In Farmington, buildings don’t teach, teachers do
To Central Conneccticut Educators:
I wanted to reveal how one governor candidate, I, decided on a vote what may have been tangentially important to you: the Farmington High School rebuild.
[Last June, Farmington voters rejected a $135 million renovation to their high school by a margin of nearly two to one: 2,411 in favor to 5,029 opposed. — Ed]
At an estimated $138 million for a building, it was a mis-prioritization.

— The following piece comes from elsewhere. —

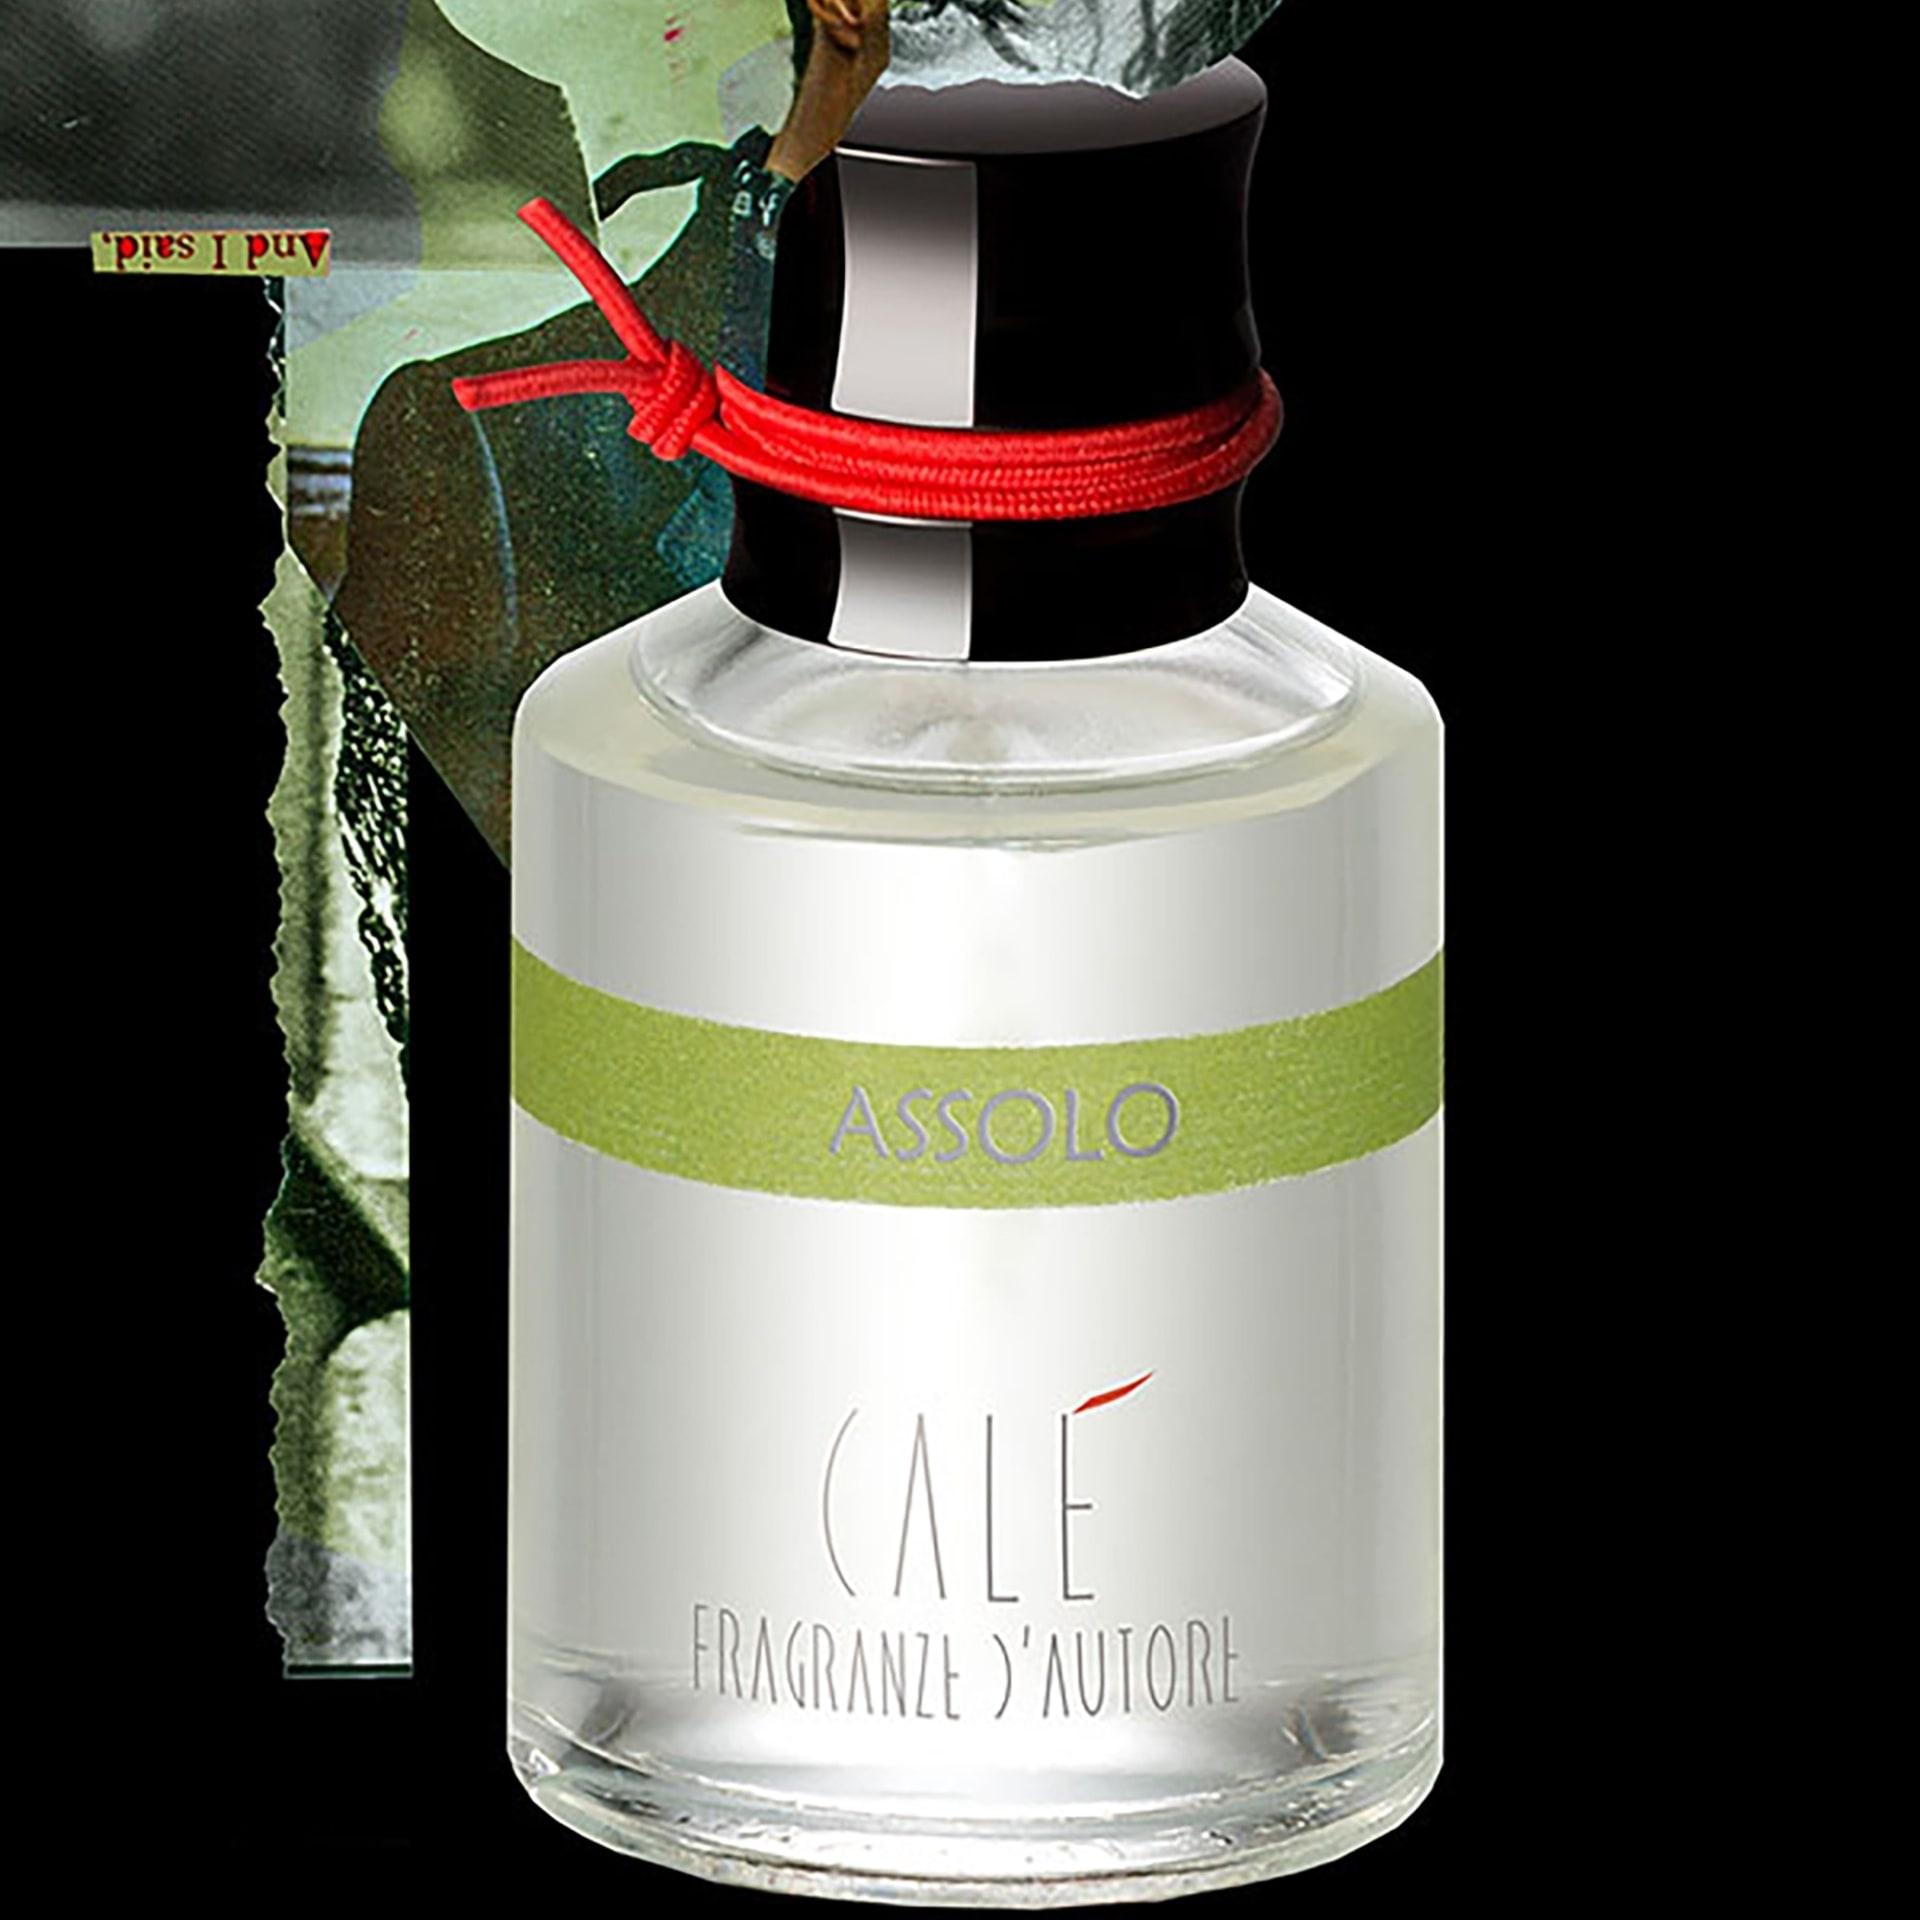 cale-fragranze-dautore-assolo-1

I believe strongly in education — I’ve worked with private and public schools for almost 20 years — but look what $138 million alternately buys for our students:
- Thirty science teachers (five per grade at Robbins Middle School and Farmington High School), plus support staff for them…for 30 years!

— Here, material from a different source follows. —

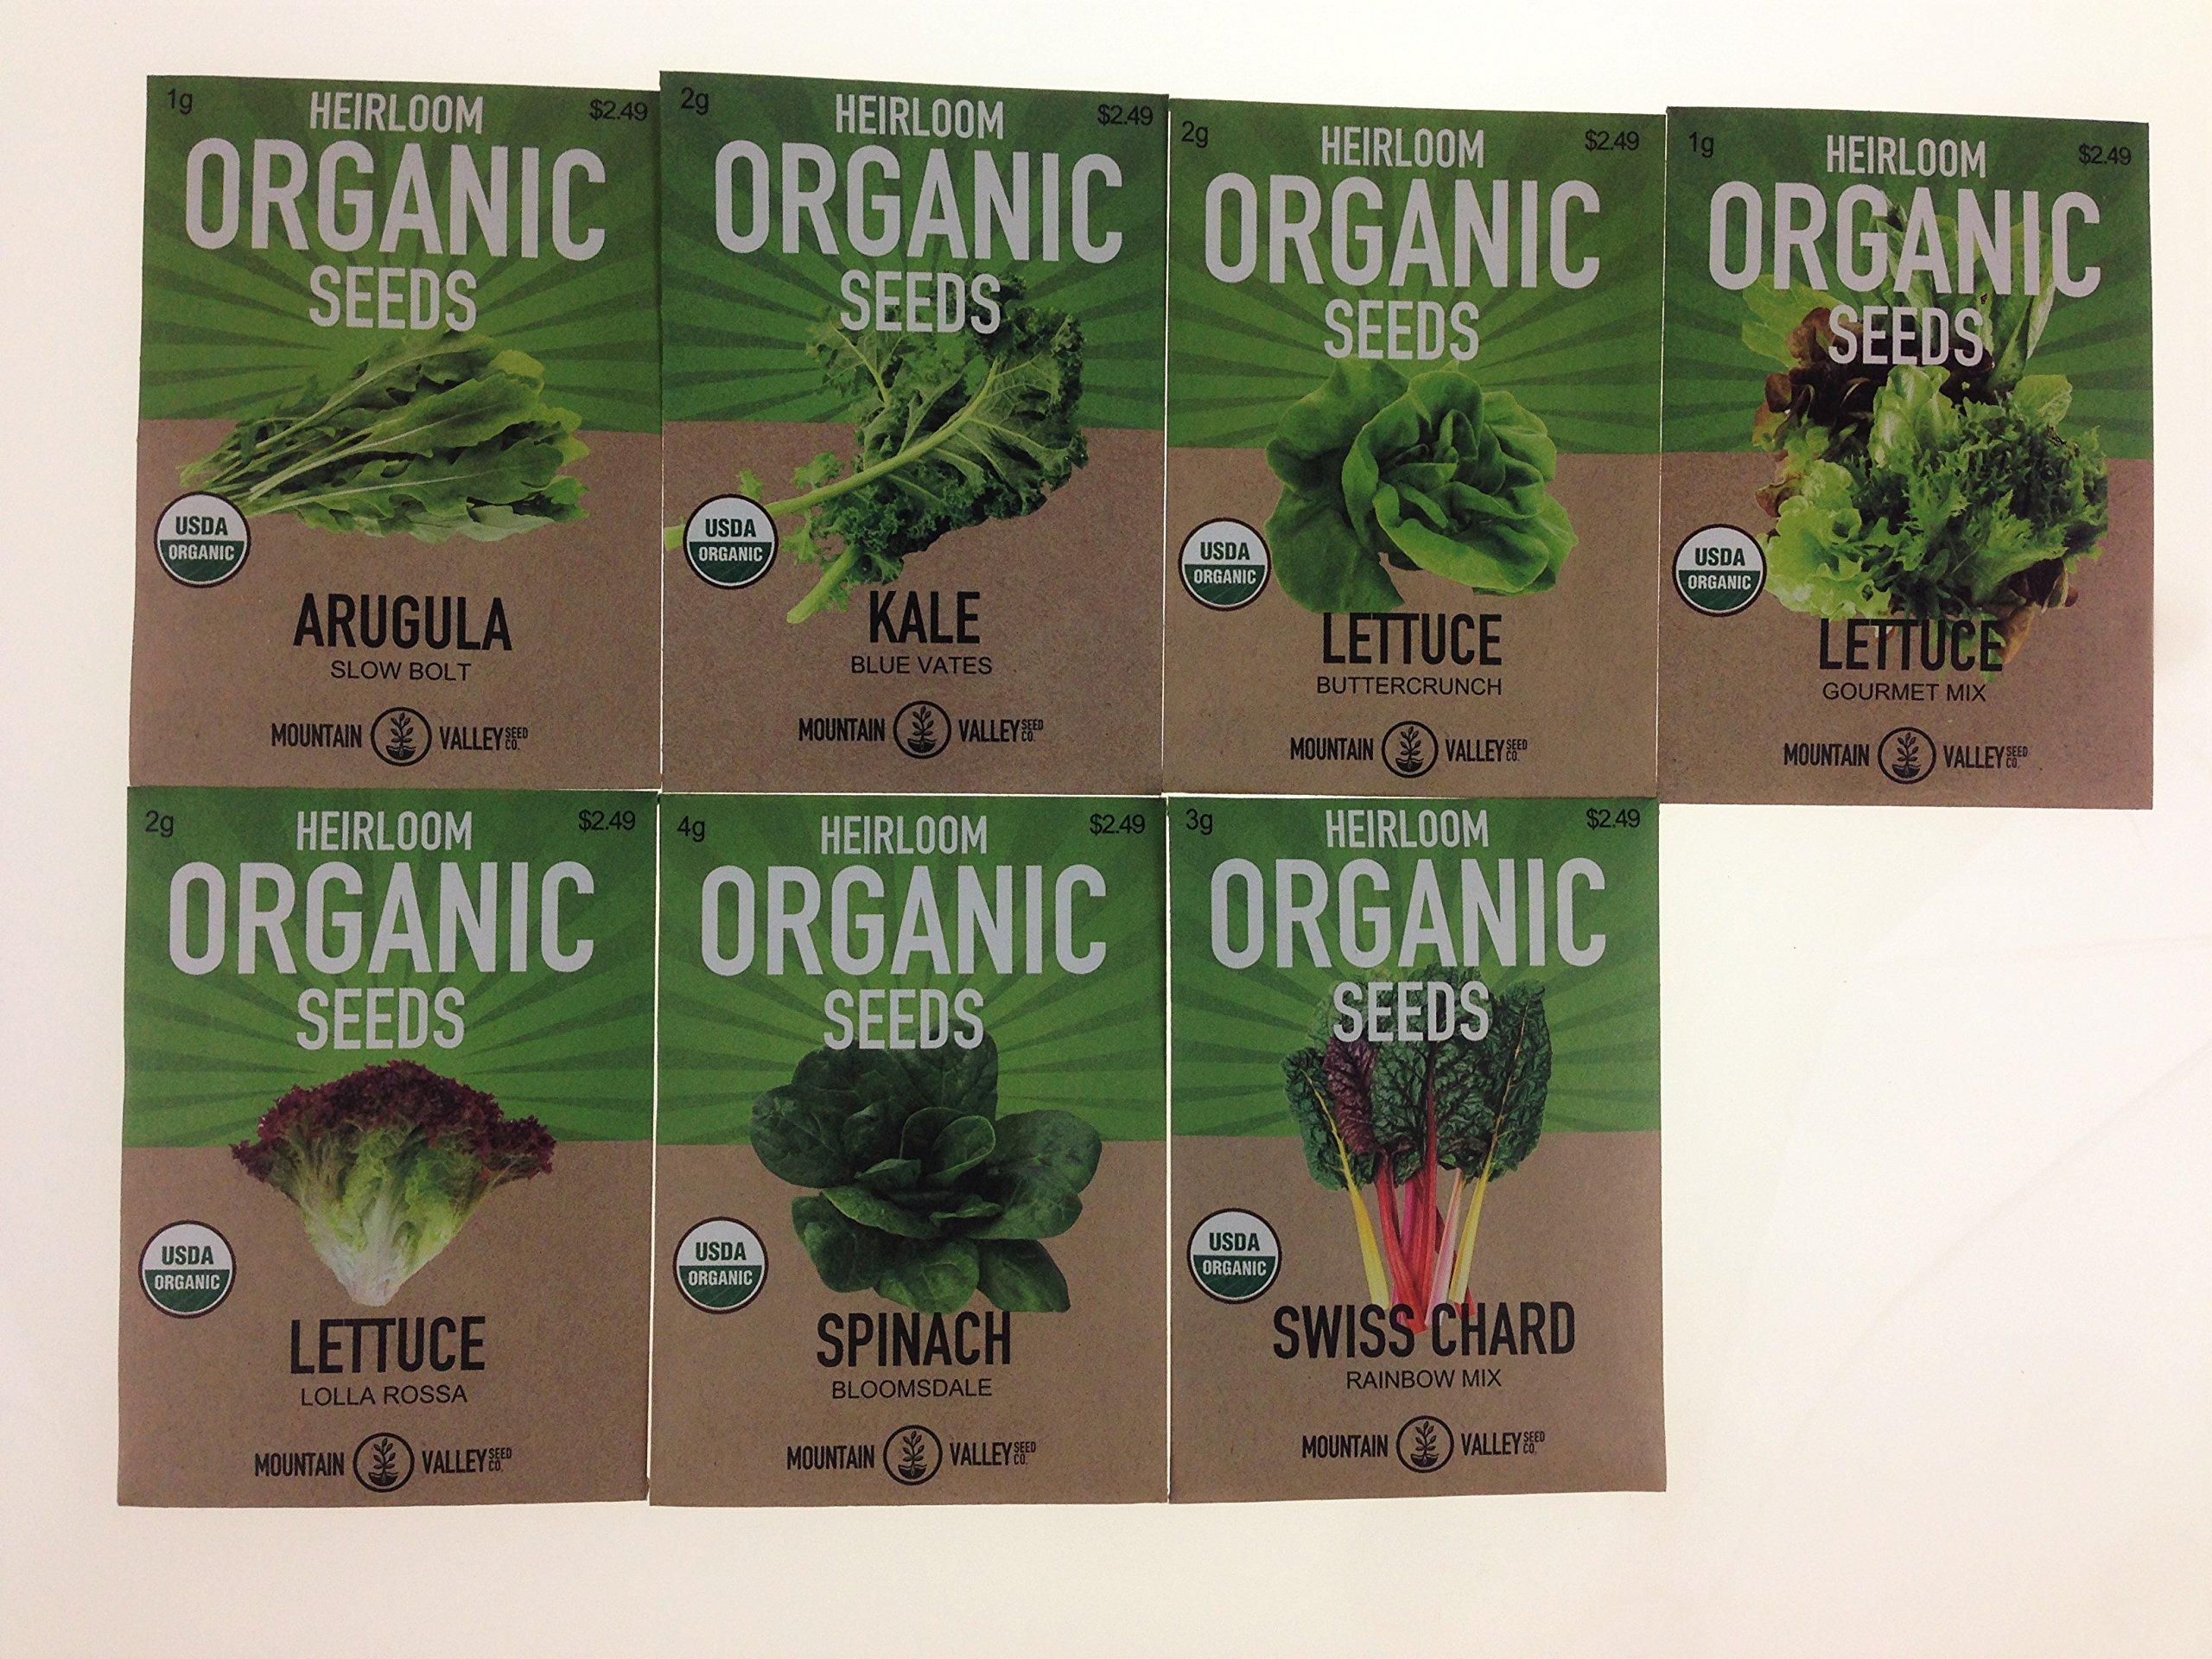 Organic, Heirloom, Non-GMO, Garden Seeds – 7 Varieties of Vegetable Leafy Power Greens – Arugula, Kale, Lolla Rossa Lettuce, Buttercrunch Lettuce, Gourmet Mix Lettuce, Spinach, Swiss Chard

- For our above-average teachers teachers district-wide: a nearly $100,000 bonus.
- For our above-average support staff district wide: a nearly $70,000 bonus.
- For every fourth, seventh, and 10th grader: a high-end laptop, design computer, robotics kit, and maker-space producer… in perpetuity.
Buildings don’t teach. Good teachers do. To spend on an inanimate building is to slight the very good teachers we have.
Buildings don’t guide students. To wholly renovate spaces that need just a tweak, or need no renovation at all, is to pull money away from students who could use more support and more counseling, especially college and post grad non-college counseling.
Buildings don’t speak. But students do. My tutoring firm attracts 10 – 20 Farmington High students each summer for SAT Prep. This summer I asked three rising seniors and four recent alums whether they felt FHS needed the proposed renovations. None of them said “yes.”
I am a governor candidate very much in favor of better education. I would support in my town more money that truly enhances our students’ experiences. I’d like to see my home town school pay our teachers more. I’d like to see my home town attract great new teachers every year. A $138 million bond would stifle that.
A good teacher is worth more than a good lawyer. (I’m a former lawyer with a decent perspective here.) A good guidance counselor may be worth more than a good engineer (I’ve seen how excellent guidance propels students to greatness, and how bad or absent guidance lets kids languish.)
I urge town leaders to keep “improving education” on their priority list. But it’s best to channel the efforts to improve students capabilities, improve teachers’ work, and improve staffers’ daily ability to facilitate both students and teachers.
Mark Stewart lives in Farmington and is running for governor as a Democrat.